Las reuniones en la Casa Rosada no debieran sorprender. Más allá de que no tenía un cargo formal en el Ejecutivo nacional (era diputado del Parlasur y director de YPF), Rodríguez Simón solía atender en Casa de Gobierno. Allí, por ejemplo, se reunió con el fiscal de la Seguridad Social Gabriel De Vedia, a quien le dijo que si la entonces procuradora Alejandra Gils Carbó no presentaba su renuncia la iba a meter presa junto a sus hijas.

Un dato refleja su constante presencia en la Casa Rosada: registra –al menos- 75 ingresos durante el gobierno de Cambiemos.
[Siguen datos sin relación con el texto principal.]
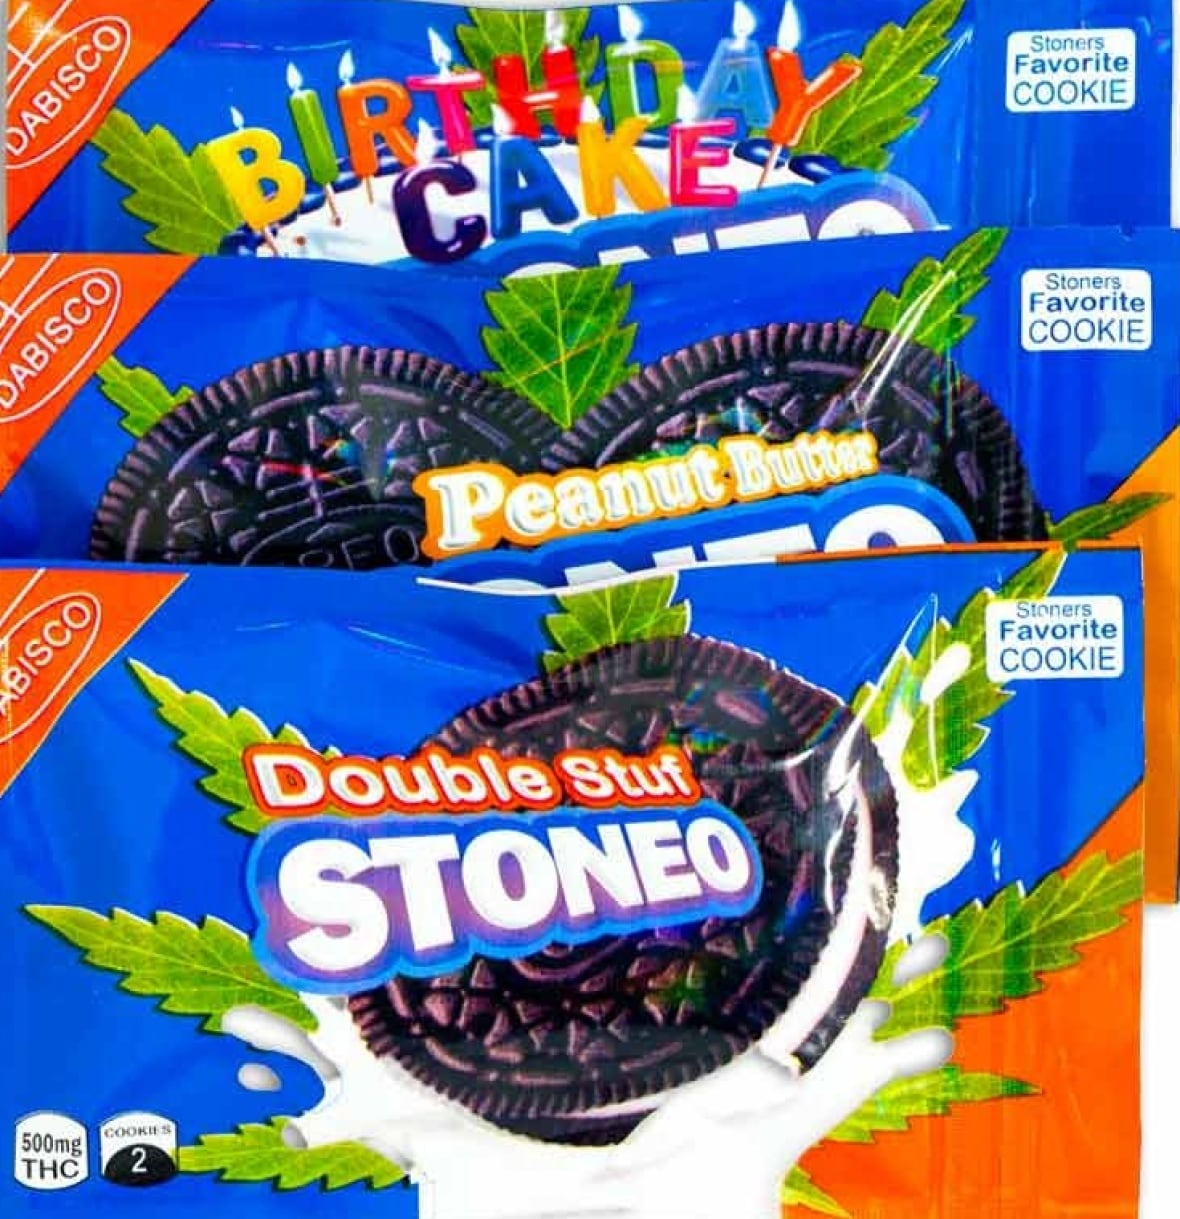 https://i.cbc.ca/1.6021040.1620746725!/fileImage/httpImage/image.jpg_gen/derivatives/original_1180/stoneo-cookies.jpg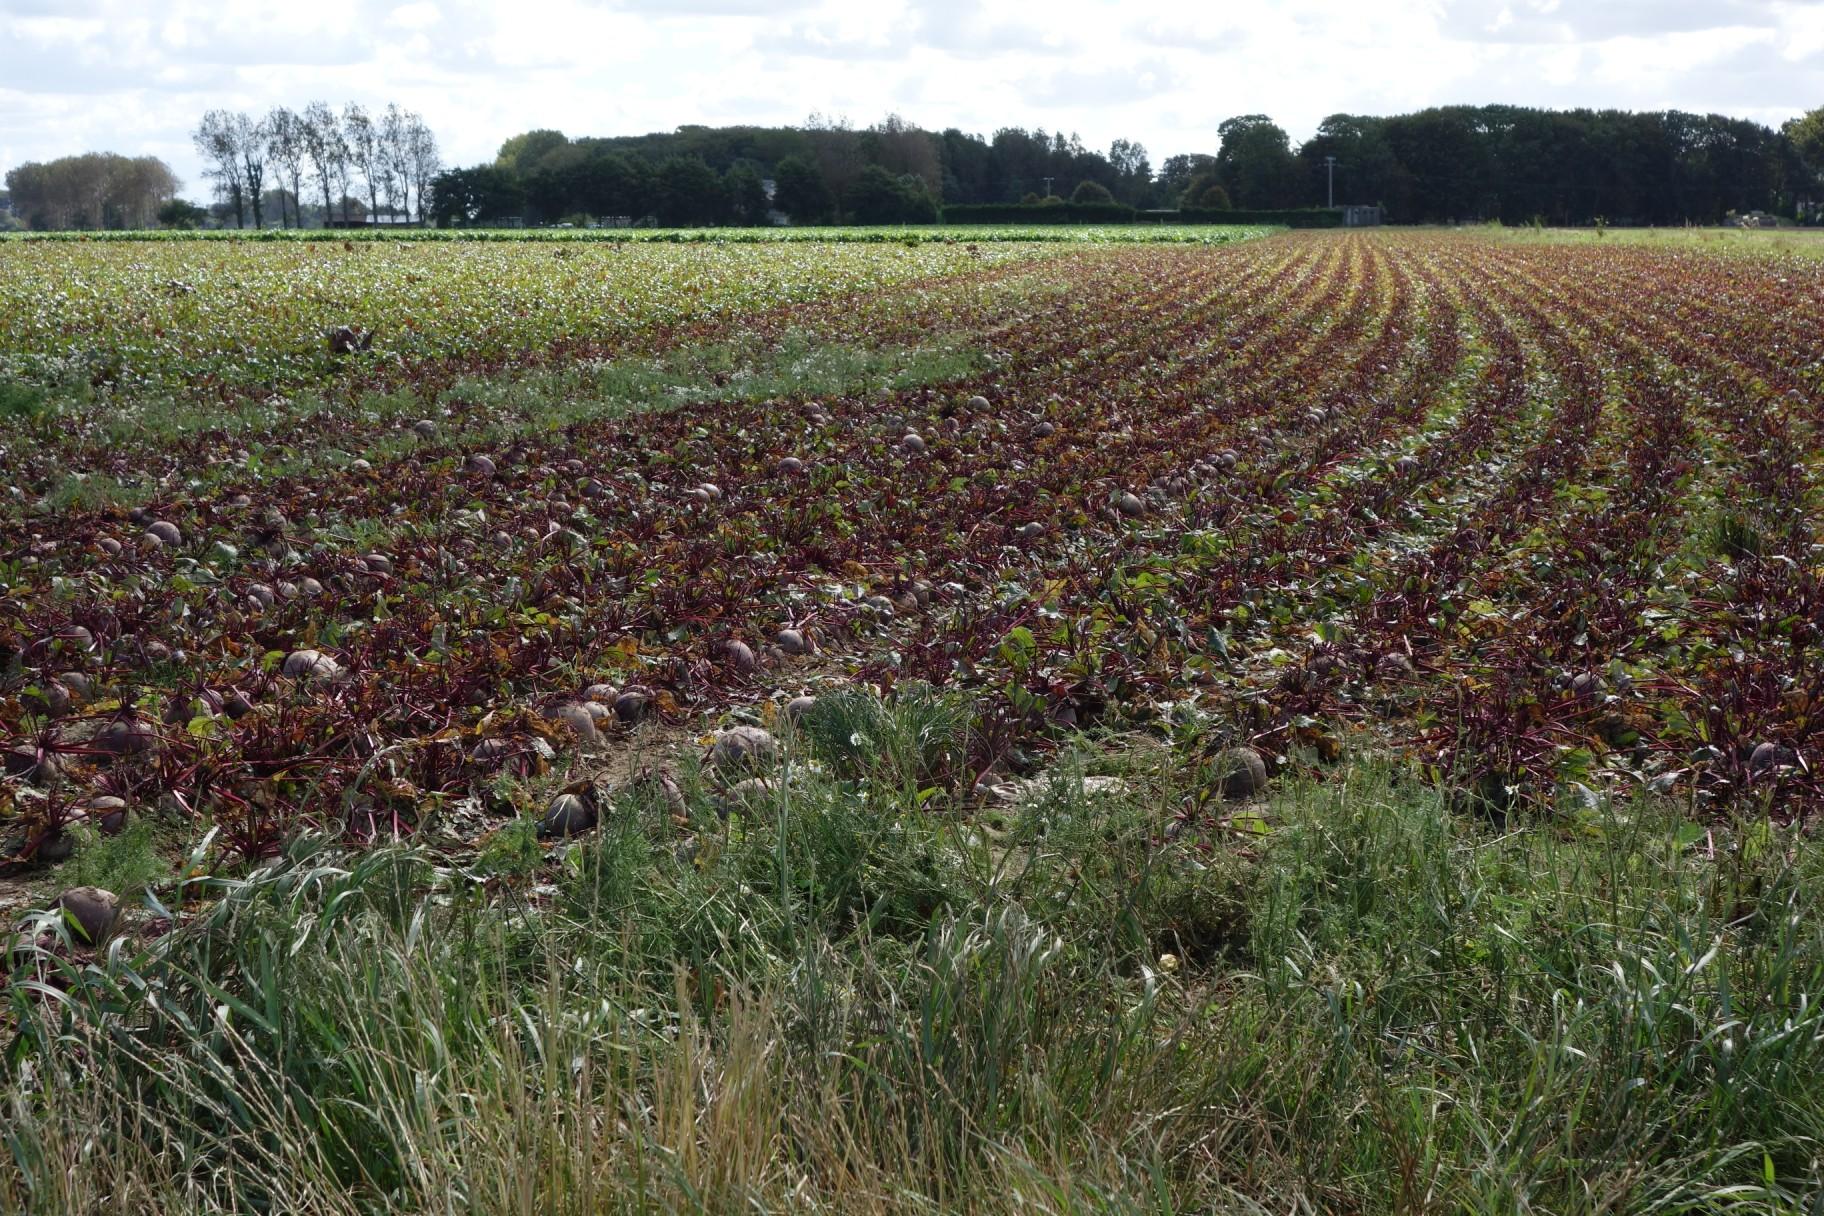 Normandy fields - winter crop emerging

Una treintena fueron a la secretaría privada del entonces presidente.

En otro pasaje de la resolución, Servini hace alusión al pedido de Pepín de “bajar” un programa de Roberto Navarro en C5N: “En otra oportunidad, el imputado se enteró que en el canal de televisión ‘C5N’ – propiedad de los querellantes – iba a emitirse un programa conducido por Roberto Navarro, donde supuestamente se iba a hablar sobre su persona, para evitar ello se comunicó nuevamente con Federico de Achával, a quien le manifestó que debía bajarse el programa, y cuando éste le indicó que no tenía nada que ver con el canal de televisión mencionado, Rodríguez Simón le habría manifestado: ‘Jodete por ser socio de Cristóbal López, bájalo porque si no te hacemos mierda’”. 

En su racconto de hechos paradigmáticos protagonizados por Pepín, la jueza también hace referencia a un apriete de 2019 para intentar que se frene la causa en que se investiga el intento de desguace del Grupo Indalo. El relato lo hizo el empresario Ricardo Benedicto, también ex socio de Cristóbal López, y provocó la apertura de un expediente conexo al principal.

Por todas estas razones, Servini entendió que estaban dadas las condiciones para decretar la prohibición de salida del país. El interrogante que se abre ahora es qué decisión tomará la jueza tras difundirse que Rodríguez Simón no está en la Argentina hace más de tres meses.